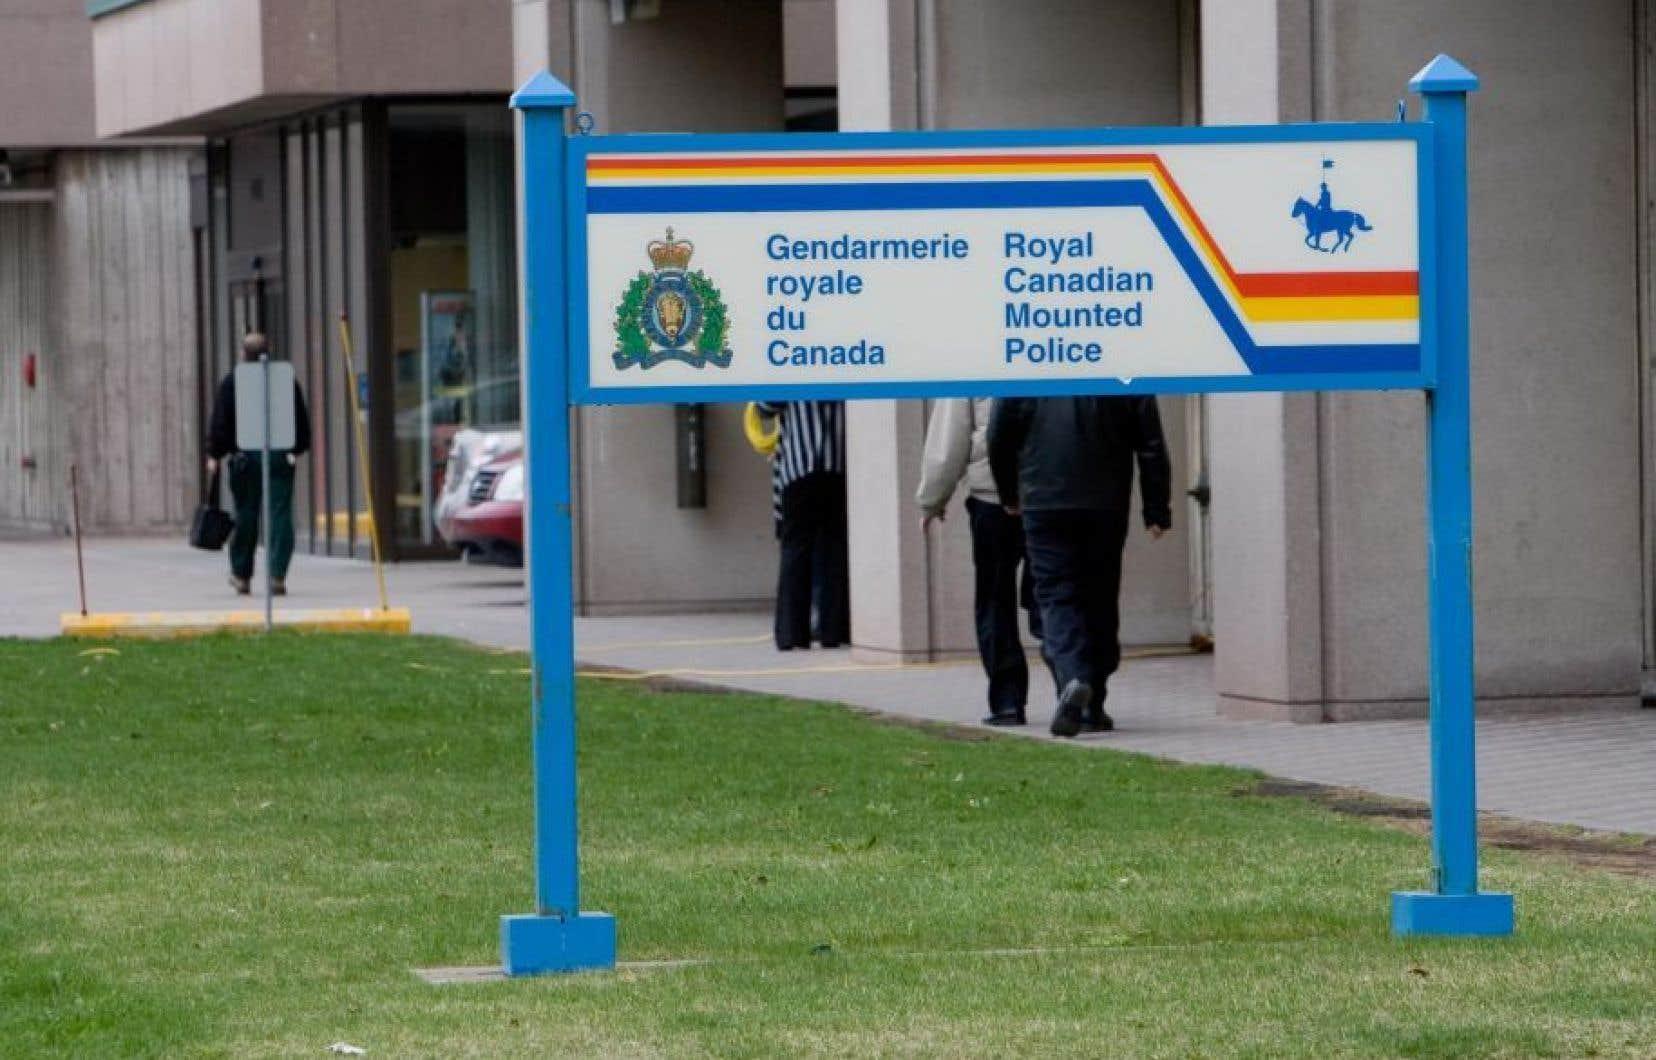 <p>La force de police nationale responsable de la sécurité sur la Colline du Parlement est installée à l'édifice Langevin prèsdu bureaudu premier ministre.</p>
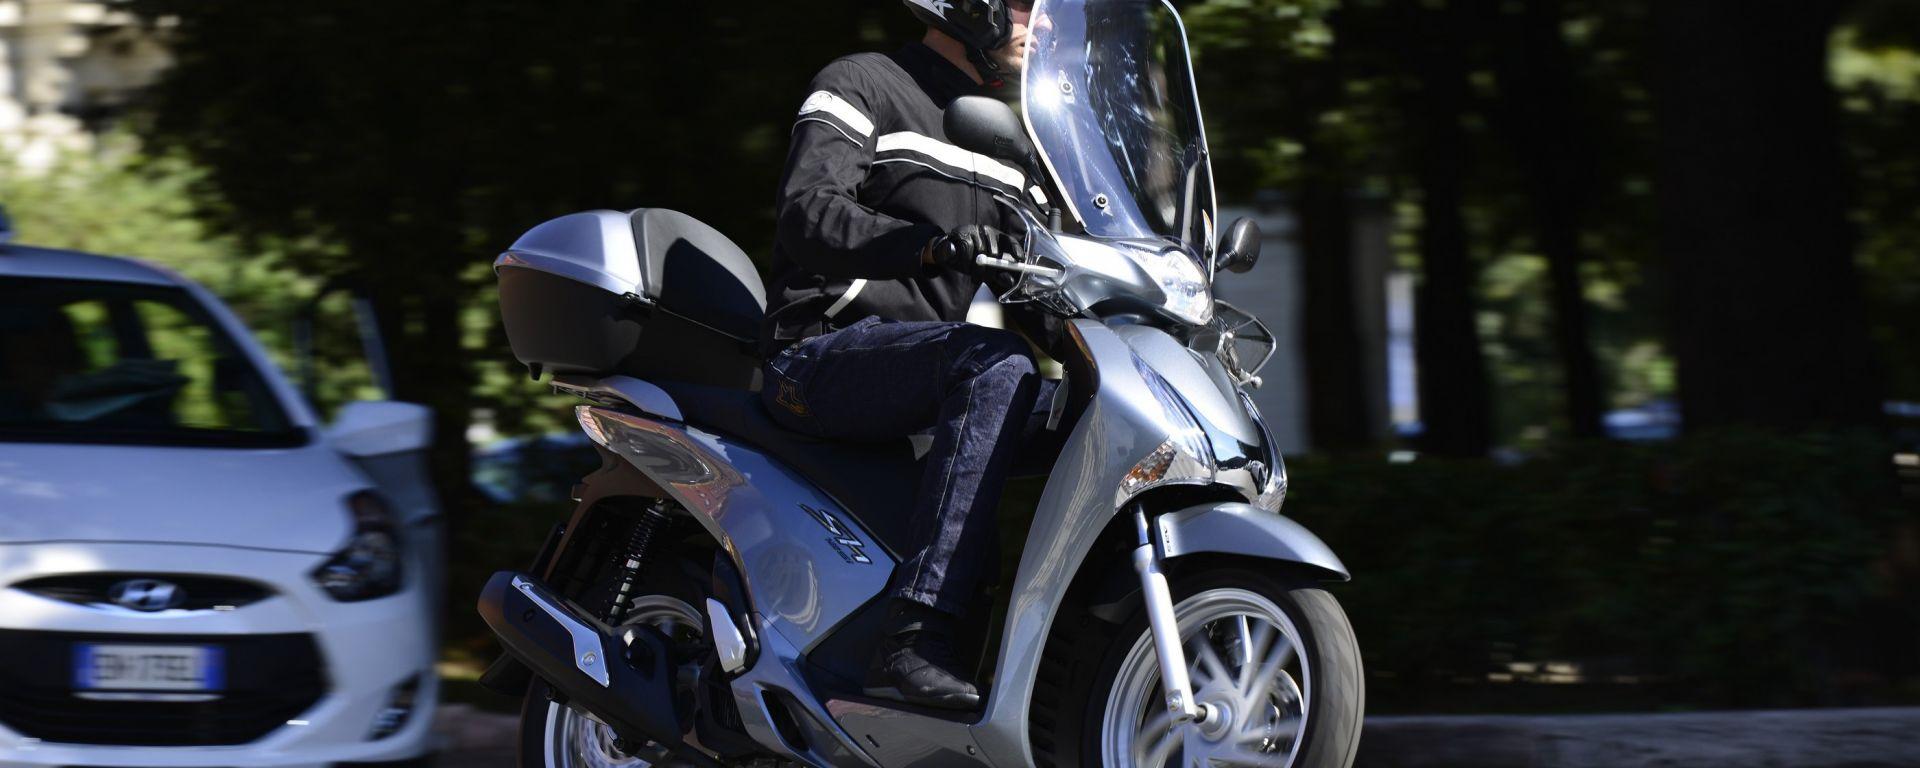 Honda SH 125/150i ABS 2013
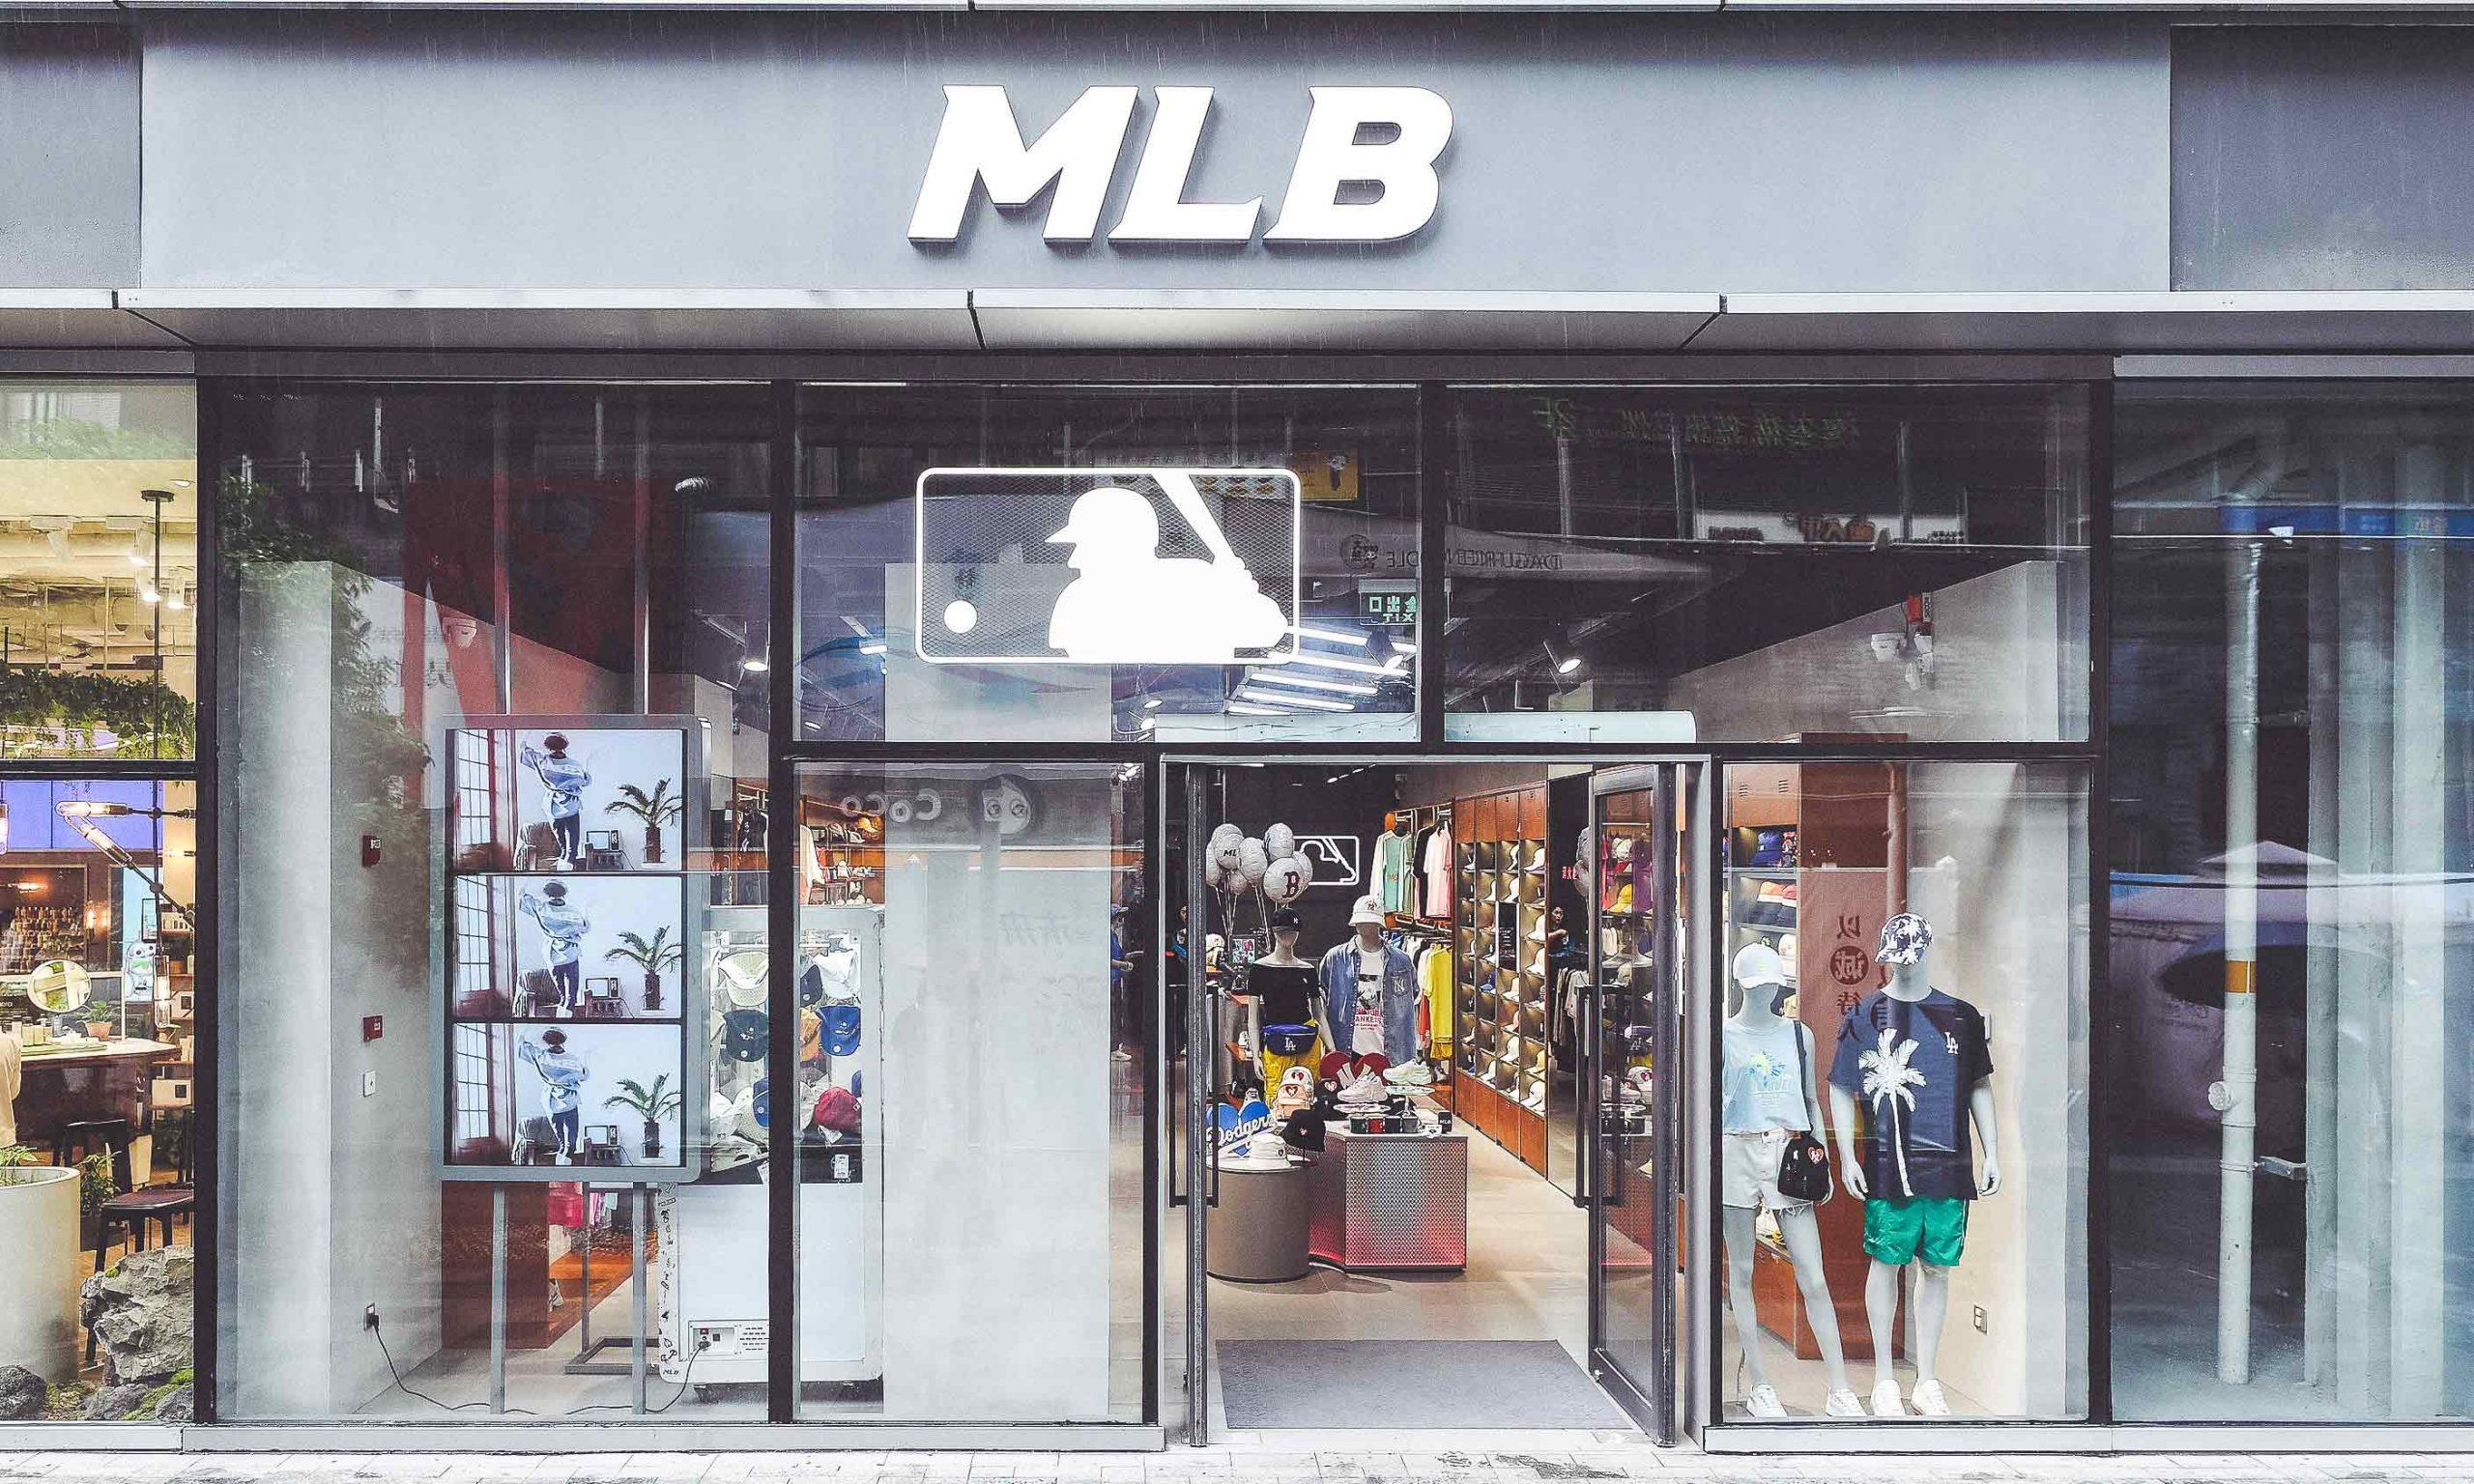 打造潮流配资官网 新体验,MLB 上海四季坊店开业

**ACTIVITY**
Repeat only the lines from the one with "Honda SH 125/150i ABS 2013" through the end of the data, both included and exactly as written. Pictures stay out of the copy.

**TASK RESPONSE**
 Honda SH 125/150i ABS 2013
 打造潮流配资官网 新体验,MLB 上海四季坊店开业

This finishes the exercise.